→ Required work
Quote word for word from the line holding "呪術廻戦 – Raw 【第15話】 – Manga Raw" to the last line below, including both, and omit any pictures.
Top of Provided material
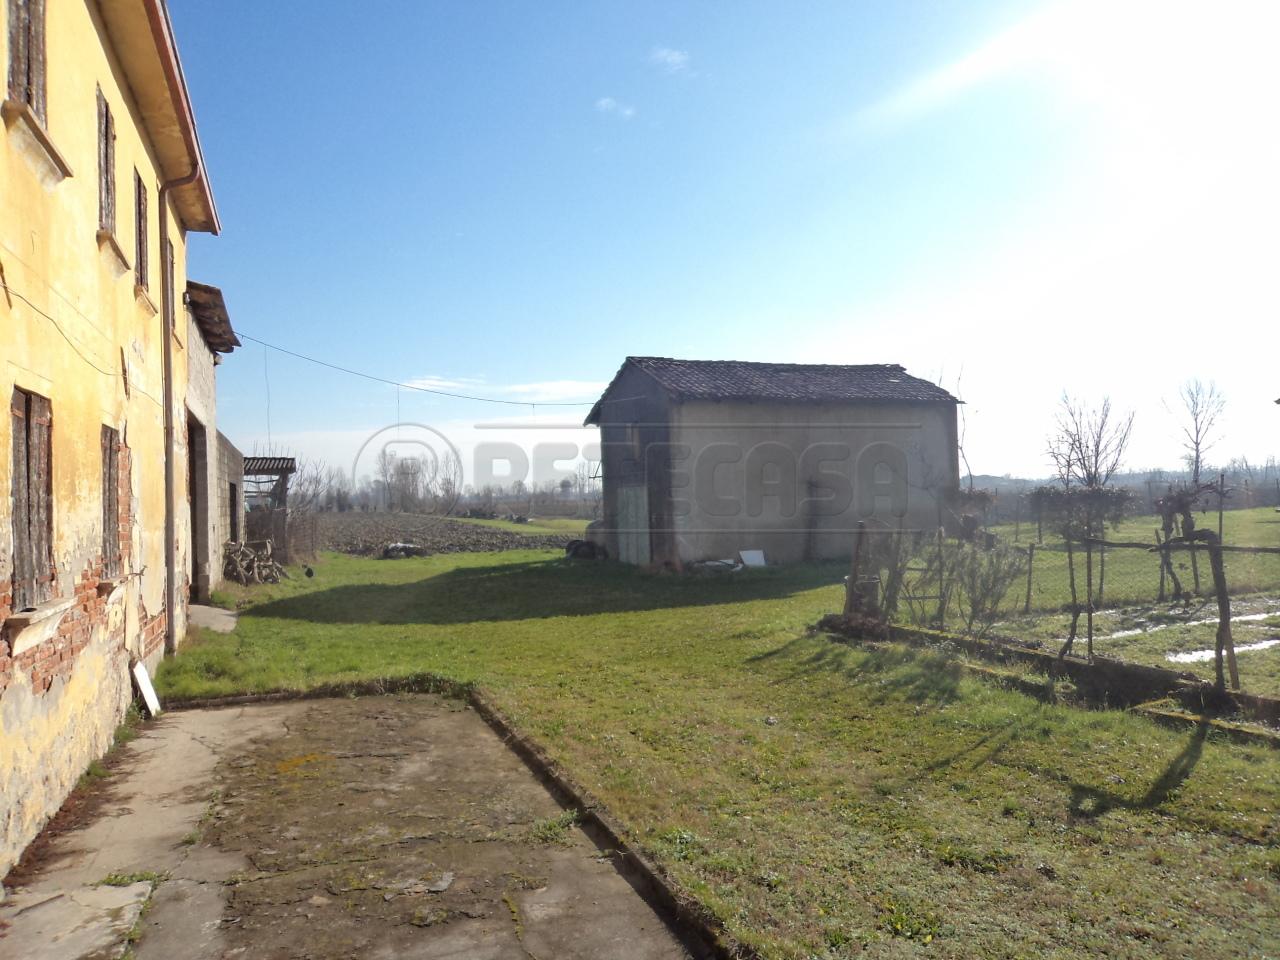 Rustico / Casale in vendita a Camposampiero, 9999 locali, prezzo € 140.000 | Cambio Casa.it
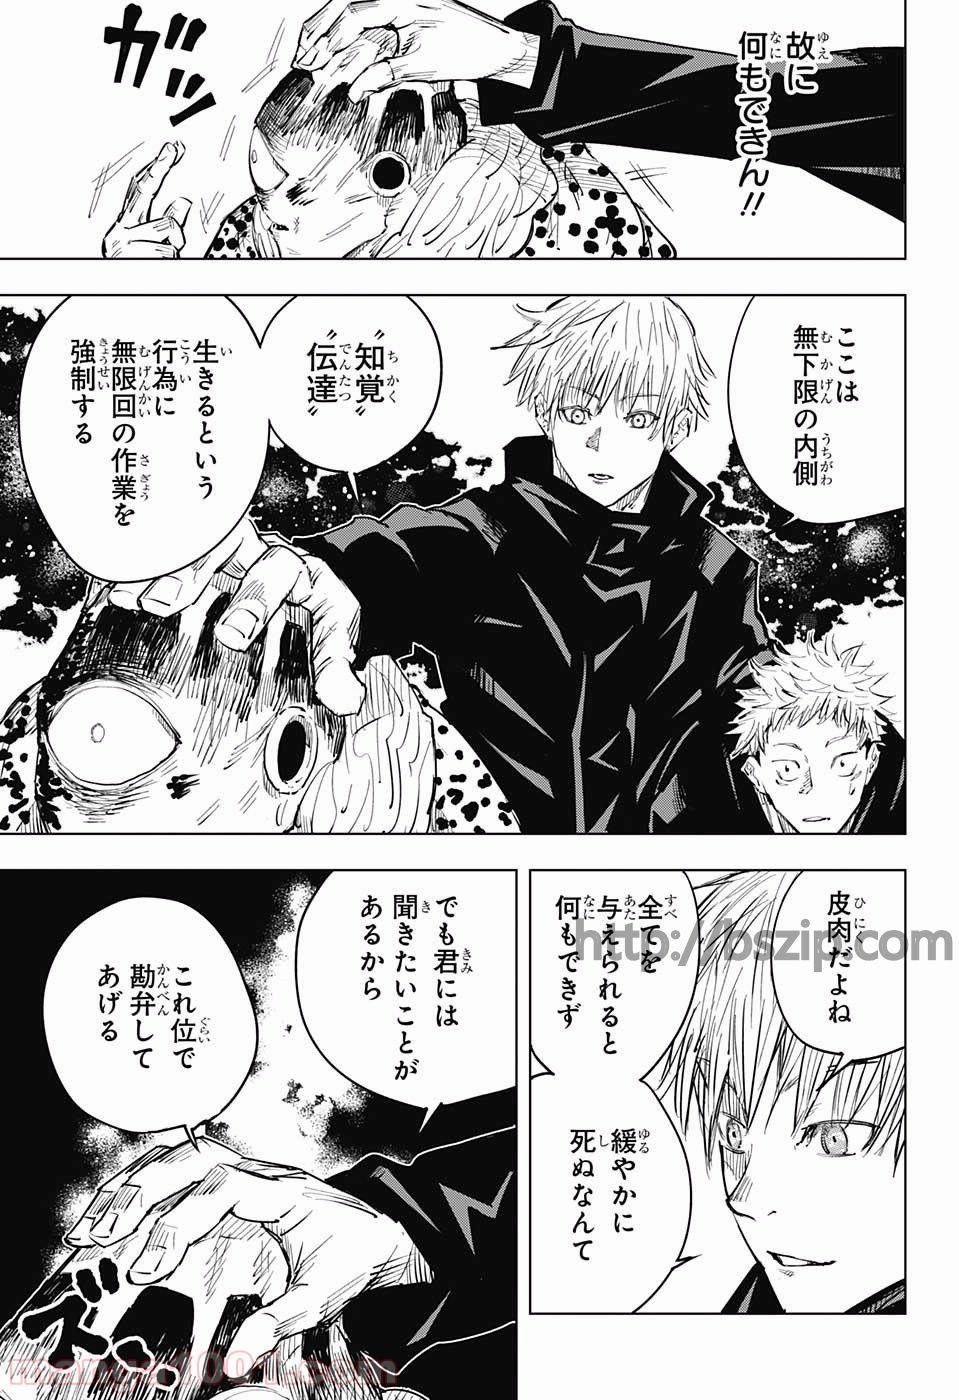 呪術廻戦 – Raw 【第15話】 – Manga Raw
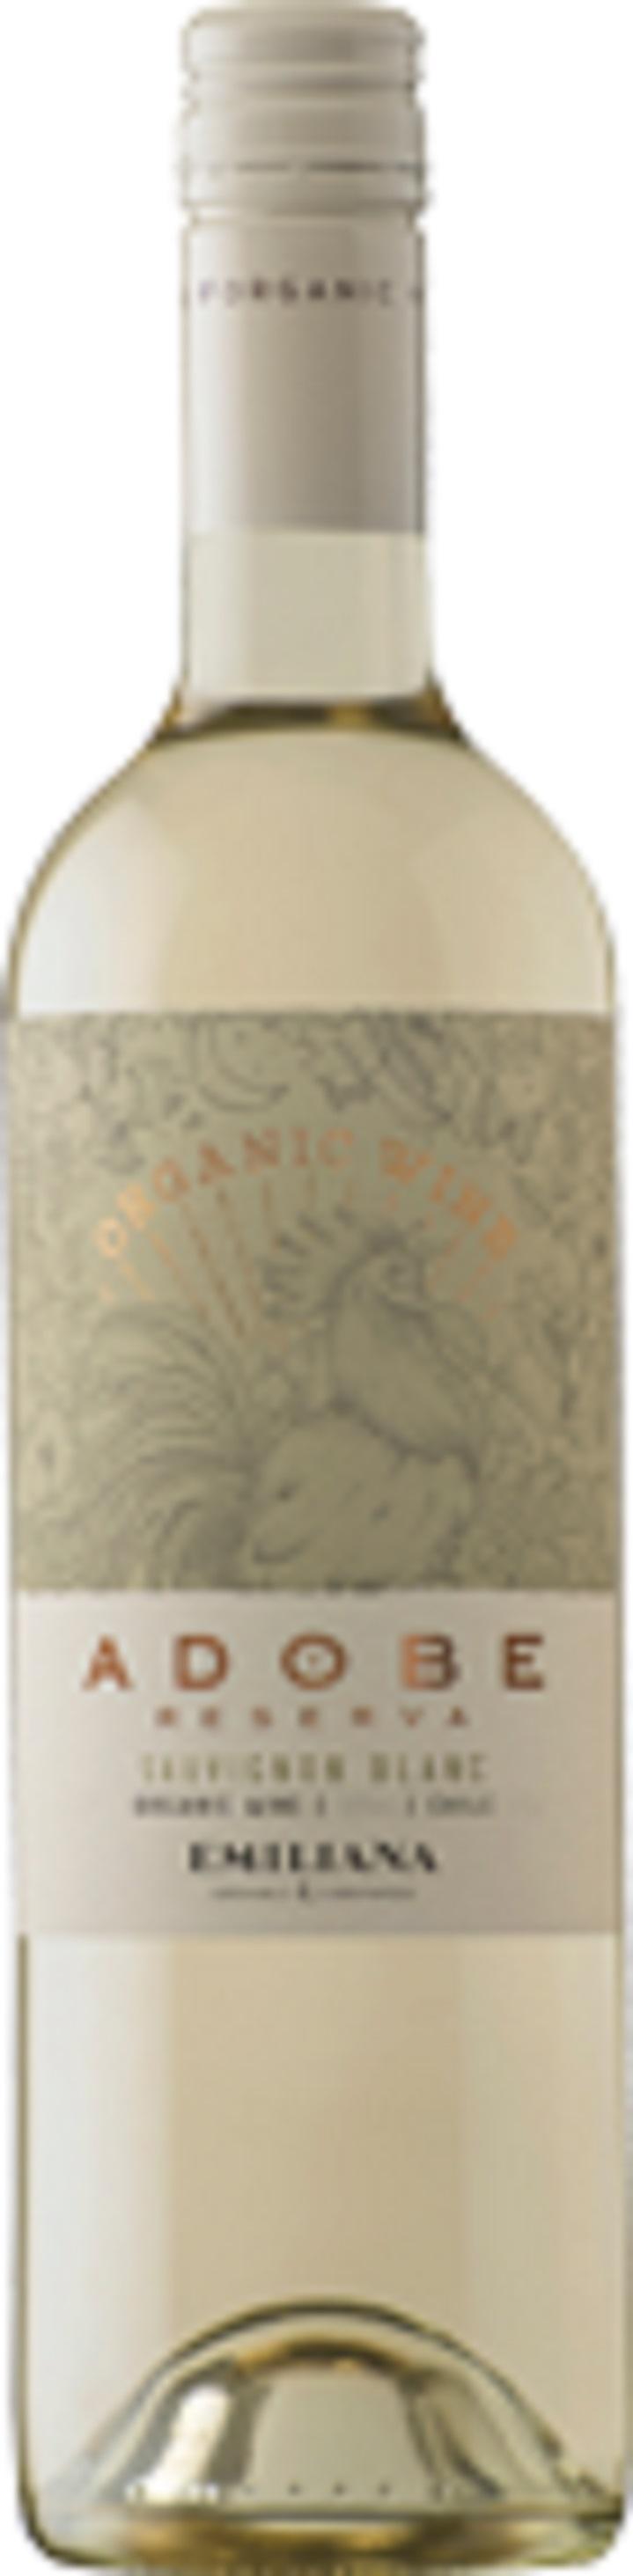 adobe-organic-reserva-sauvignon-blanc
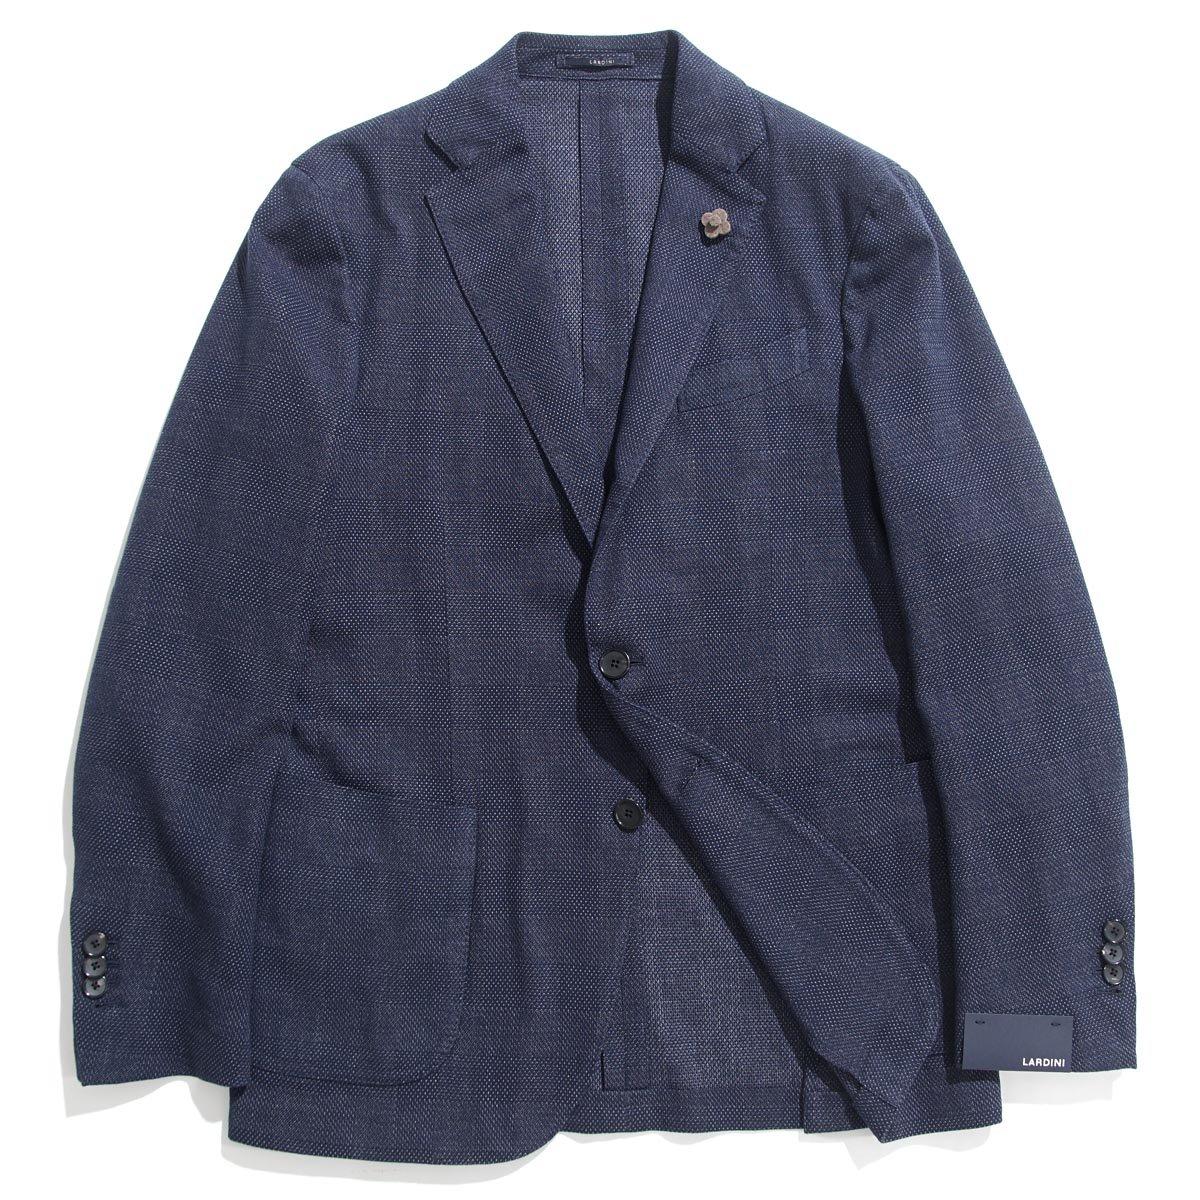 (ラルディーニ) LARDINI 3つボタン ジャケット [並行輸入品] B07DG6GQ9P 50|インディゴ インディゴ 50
Bottom of Provided material
→ Solution
 呪術廻戦 – Raw 【第15話】 – Manga Raw
 adobe-organic-reserva-sauvignon-blanc
 (ラルディーニ) LARDINI 3つボタン ジャケット [並行輸入品] B07DG6GQ9P 50|インディゴ インディゴ 50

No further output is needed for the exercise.